When you first knew that your sin was forgiven, you first knew that you were a child. Do you remember the joy that used to fill you? You weren't perfect yet. You knew you had a long way to go, and yet there was this sense of, in Christ, I can make progress. I am dearly and deeply loved, and that joy was such strength for the Christian life, even when we were just learning what that was meaning. And Schaeffer just said, "That joy's a long way away from me right now." And he said, "Gradually, walking those mountain trails, I found something. I found something I had not been taught, a simple thing, but profound. I discovered the meaning of the work of Christ in a relationship with God moment by moment on the basis of not my performance, not my intellect, but the blood of Christ. He has made a way. He has provided for me to be forgiven. He has provided for me to have a life with my God where I am pardoned and privileged and treasured. And knowing that, I'm filled with joy, with the reality of the goodness of God." I mean, I think, what would it mean if we claimed it again? If you could just imagine yourself walking on those mountain trails with Francis Schaeffer, and you say, "Oh, down there are some dark valleys, and over there are some storm clouds,
but right now on this path, I'm walking in the light," and how your heart would be filled with joy at the privilege of the position that God had put you in, almost as though
verses 8 and 9 would apply to you. "At one time you were darkness, but now you are light in the Lord. Walk as children of light, for the fruit of light is found at all that is good and right and true. Try to discern what is pleasing to the Lord." Why? Because you're in the light. And it's that goodness and that glory of walking in the light that is more than just serving God with drudgery. It is dancing in the fullness of the glory of what He has provided for those who know what treasure they are. For those of you who recognize what I'm saying right now is the beauty of what it means to be a pastor with people who celebrate the goodness of God, I asked for you to pray for me. I asked for you the announcement this week that the Lord is calling us not just to leadership here but to leadership of this denomination, not for a church but thousands of churches.

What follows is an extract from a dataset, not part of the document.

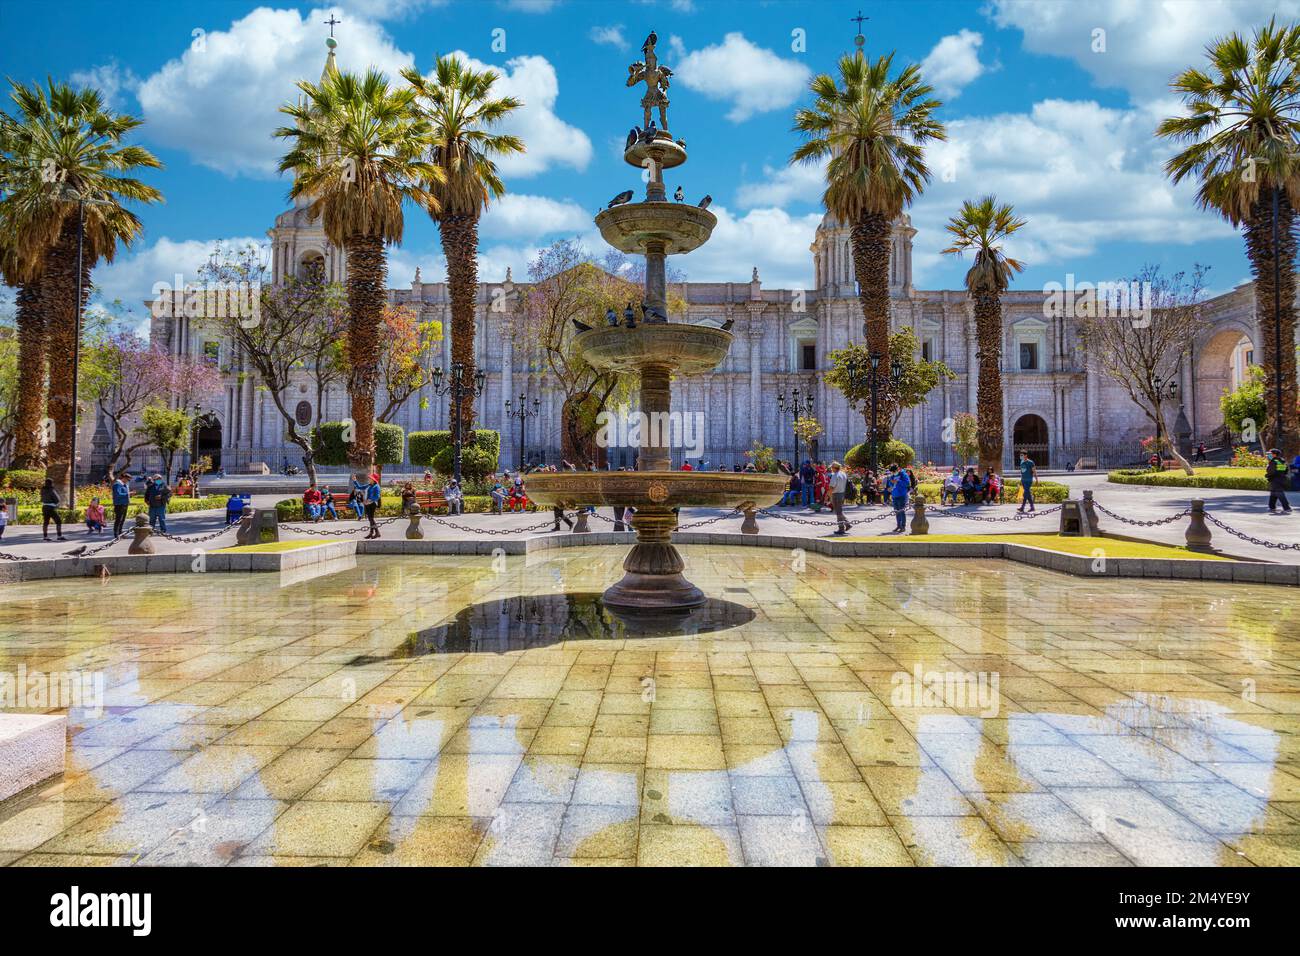 The Plaza de Armas in Arequipa, Peru with the Cathedral and the fountain. Stock Photo

And these truths press on my heart with a church that stands so strong for Scripture but so often the attitudes are anger and bitterness and criticism. And I'm praying, I would ask that you pray for me that what has happened in this place, how God is changing us, would multiply far beyond us as people perceive the treasure it is to be the beloved of God and how it takes competition and pride out of us and replaces it with forgiveness and loving respect and care even for those who have been careless toward us.
We're face timing with grandkids these days of sheltering in place.
And our son in Colorado did something very special, even sacrificial for his children. In their living room they have a tall vaulted ceiling. To give his children something to do as they shelter in place, he actually built a climbing wall up the side of his living room for his children. And as he sacrificed the living room for them, they felt the specialness of themselves. You know, in face timing they said, "Look, Grandma, look, Grandpa, look what I can do." What they did not anticipate, my son and his wife, is the climbing wall got the little kids just tall enough up the wall that they could reach to the staircase and then go on up to the balcony up above.
Depending how precious they were to their father gave them the ability to go far higher than they had ever anticipated.
It's our privilege too.
When we recognize how great is the Father's sacrifice for us, that we are now his beloved, treasured children, wouldn't we know it?
The joy of the Lord becomes our strength, and we can go ever higher in the witness of God for the name of our Savior.